● **DATA PROVIDED**
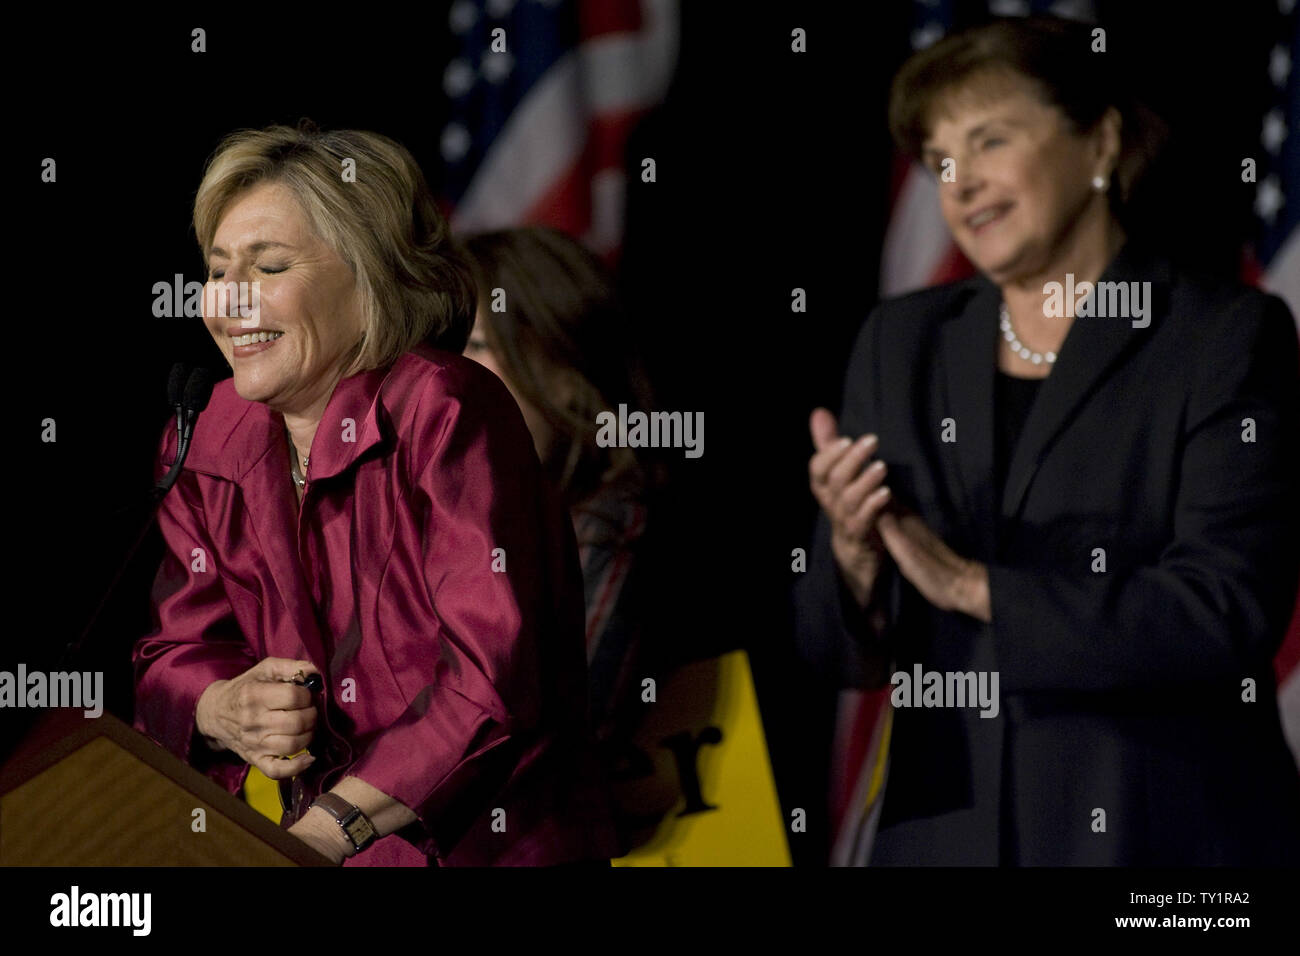 Democratic Sen. Barbara Boxer declares victory over Republican candidate Carly Fiorina on election night November 2, 2010, at the Renaissance Hollywood Hotel in Los Angeles, California.  The Democrats held onto the Senate but the Republicans took control of the House in the Federal Elections.   UPI/Jonathan Alcorn Stock Photo
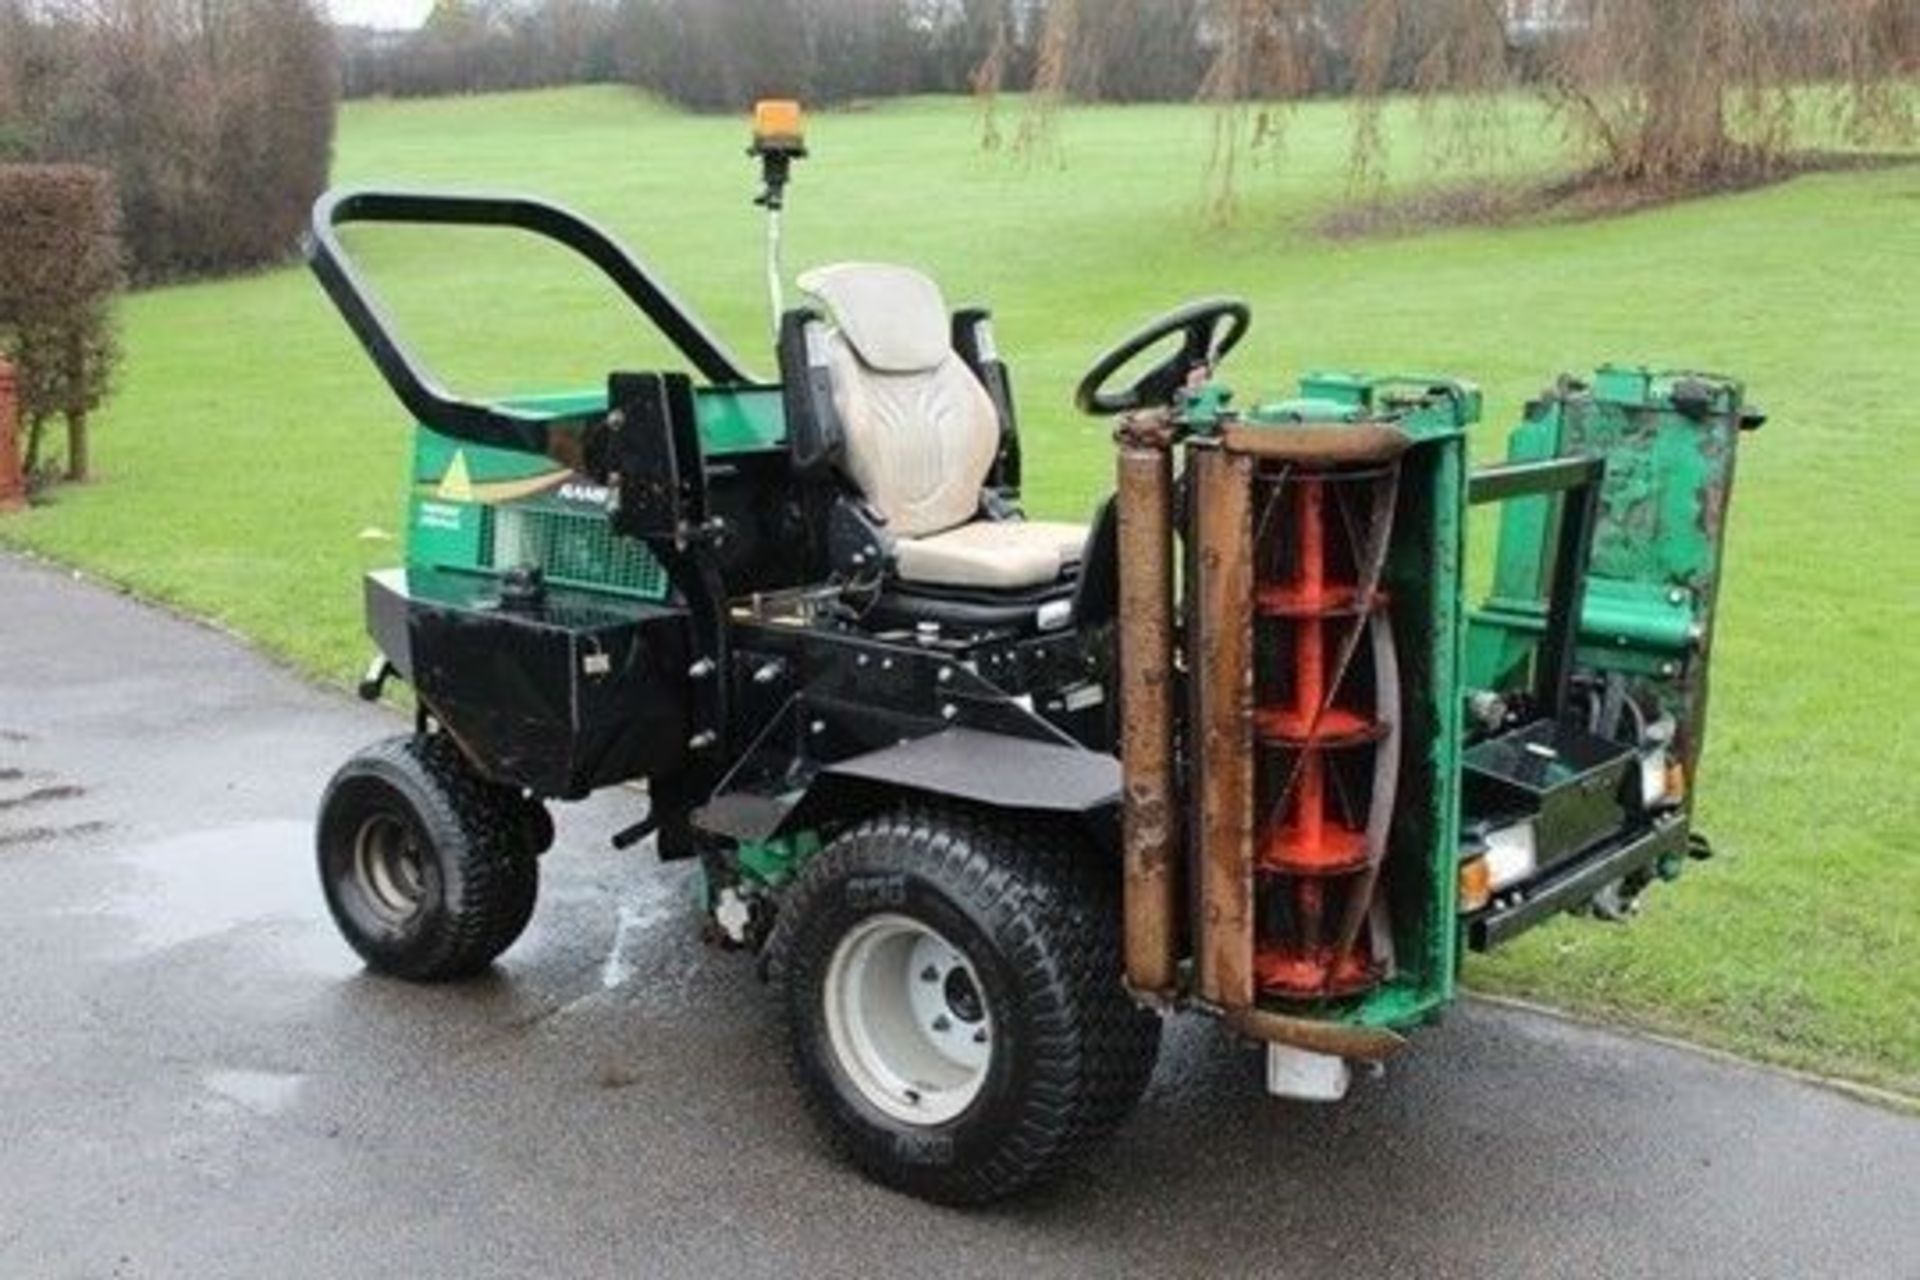 2010 Ransomes Parkway 2250 Plus Ride On Cylinder Mower - Image 7 of 8
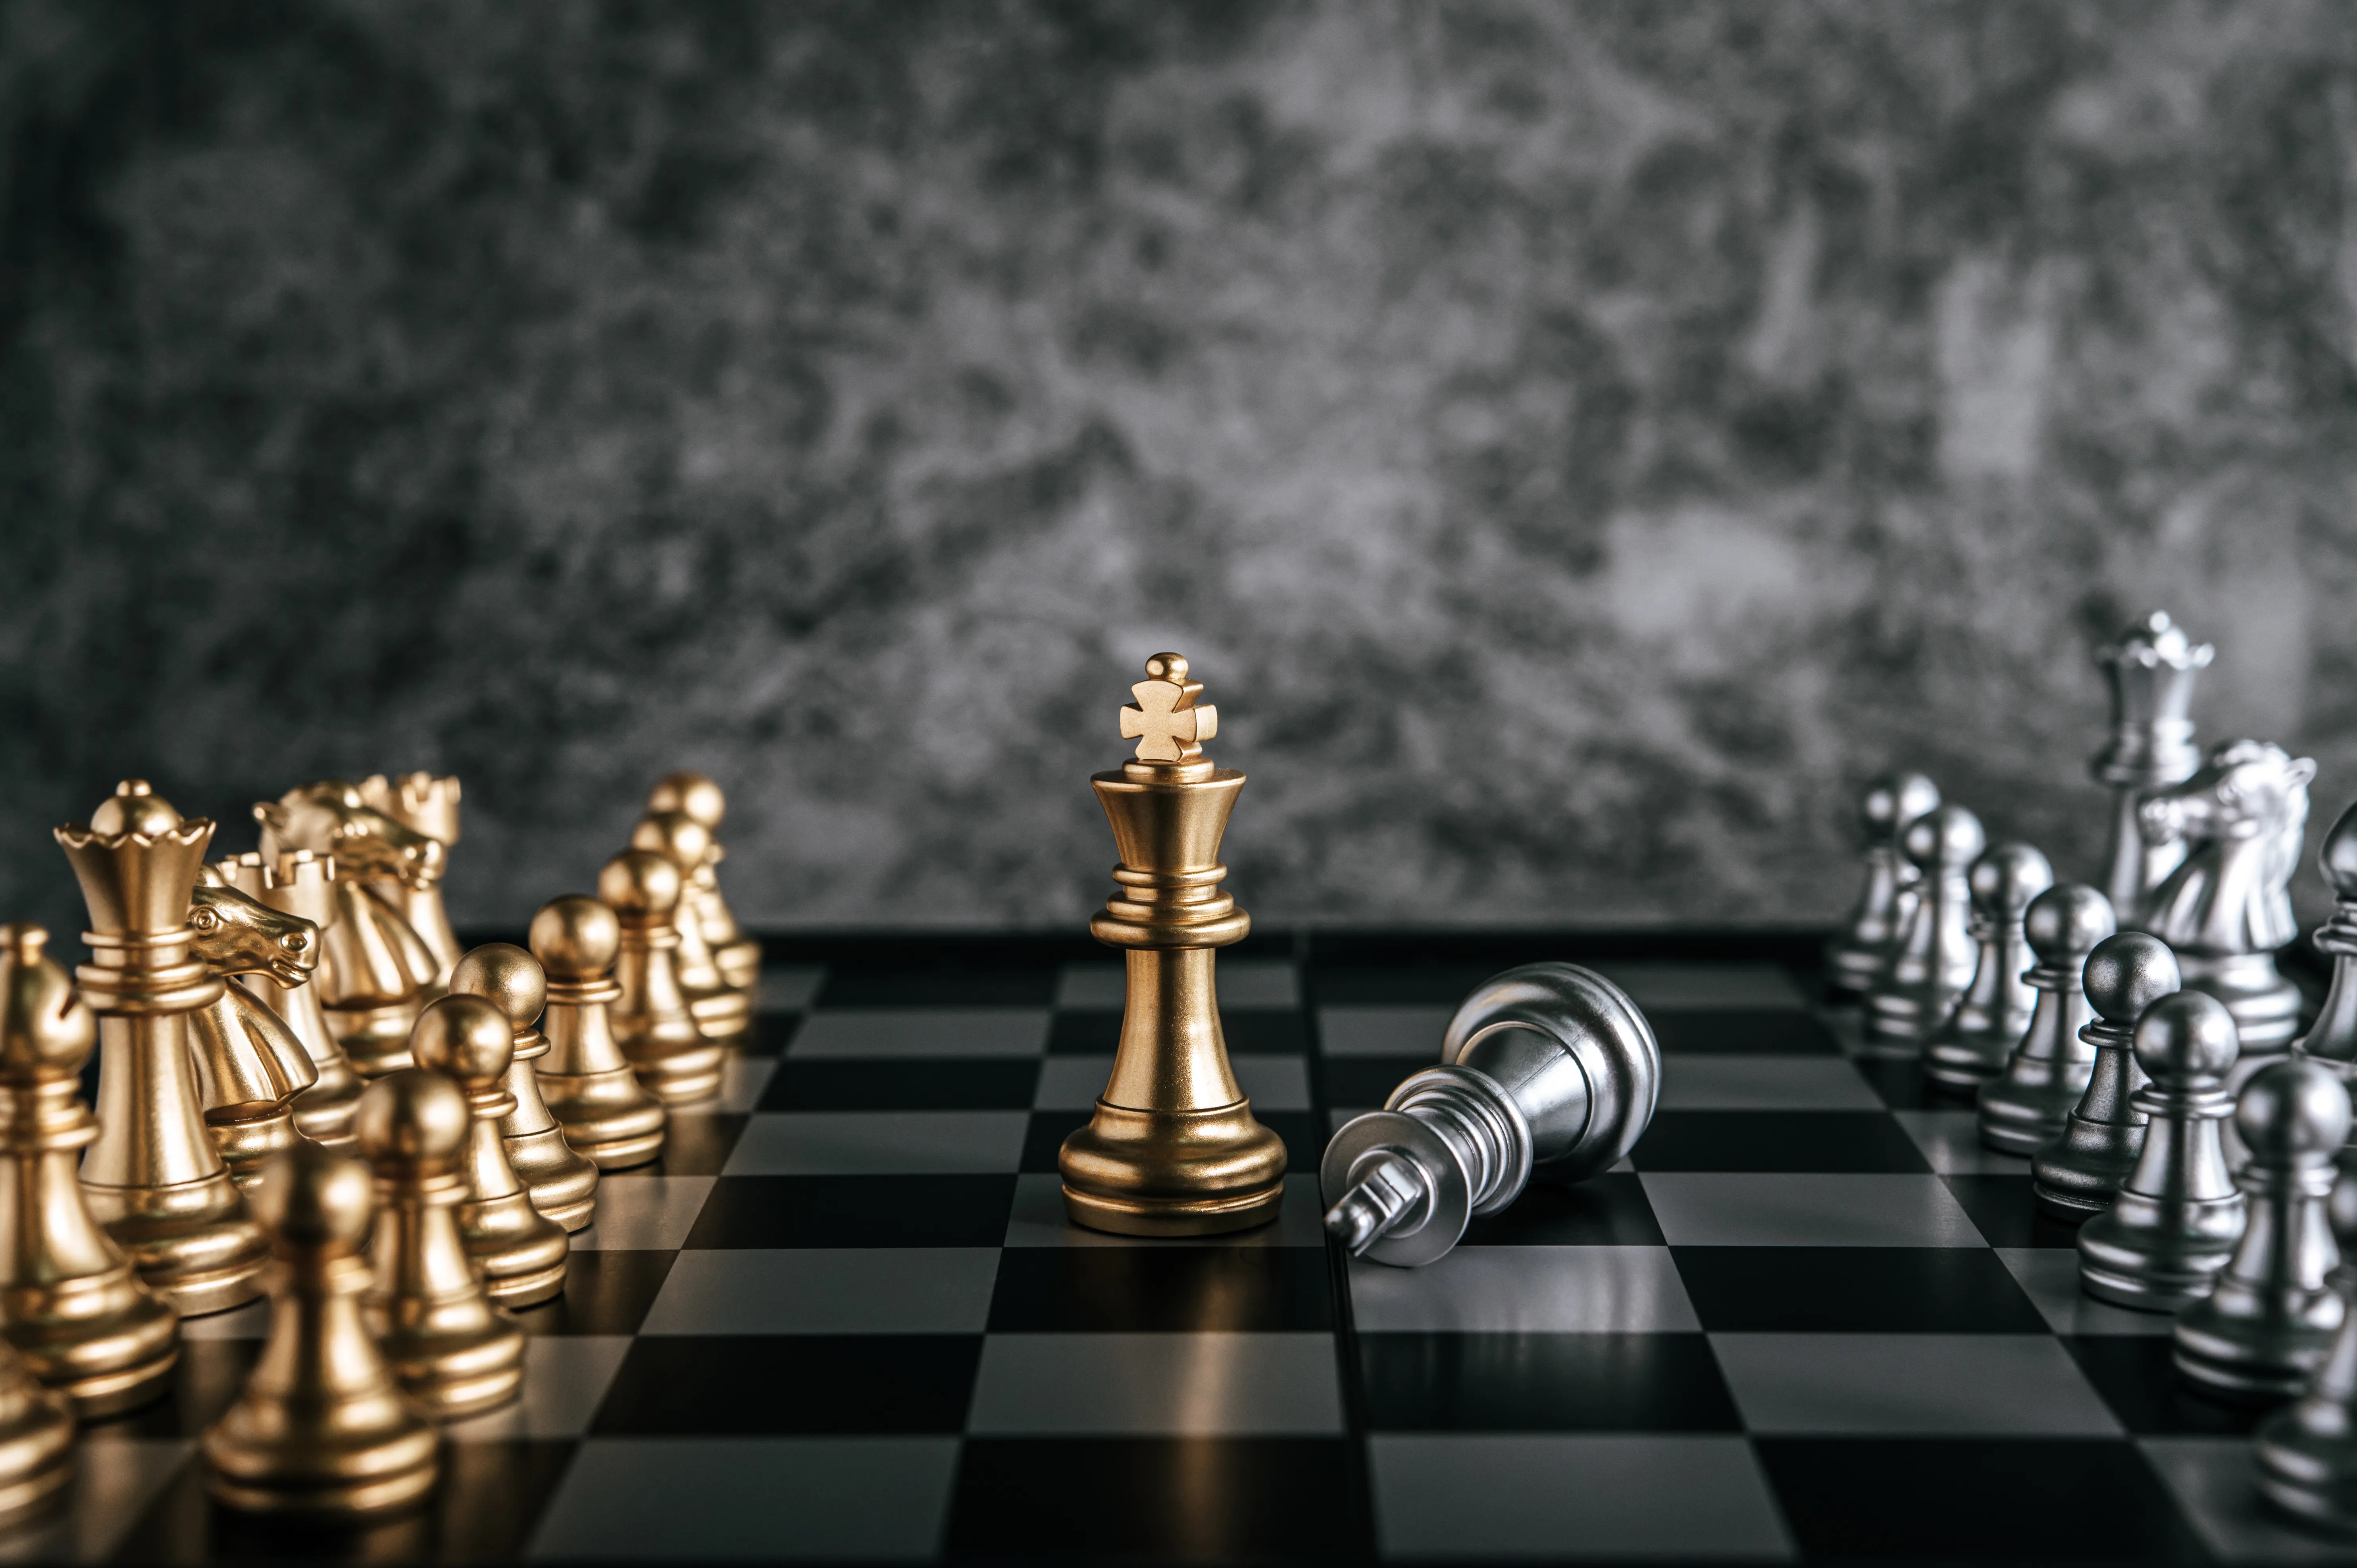 gold-silver-chess-chess-board-game-business-metaphor-leadership-concept

● **ABOUT THIS TASK**
From the material above, output every line exactly as written, dropping any picture.

● **OUTPUT FOR THIS TASK**
 Democratic Sen. Barbara Boxer declares victory over Republican candidate Carly Fiorina on election night November 2, 2010, at the Renaissance Hollywood Hotel in Los Angeles, California.  The Democrats held onto the Senate but the Republicans took control of the House in the Federal Elections.   UPI/Jonathan Alcorn Stock Photo
 2010 Ransomes Parkway 2250 Plus Ride On Cylinder Mower - Image 7 of 8
 gold-silver-chess-chess-board-game-business-metaphor-leadership-concept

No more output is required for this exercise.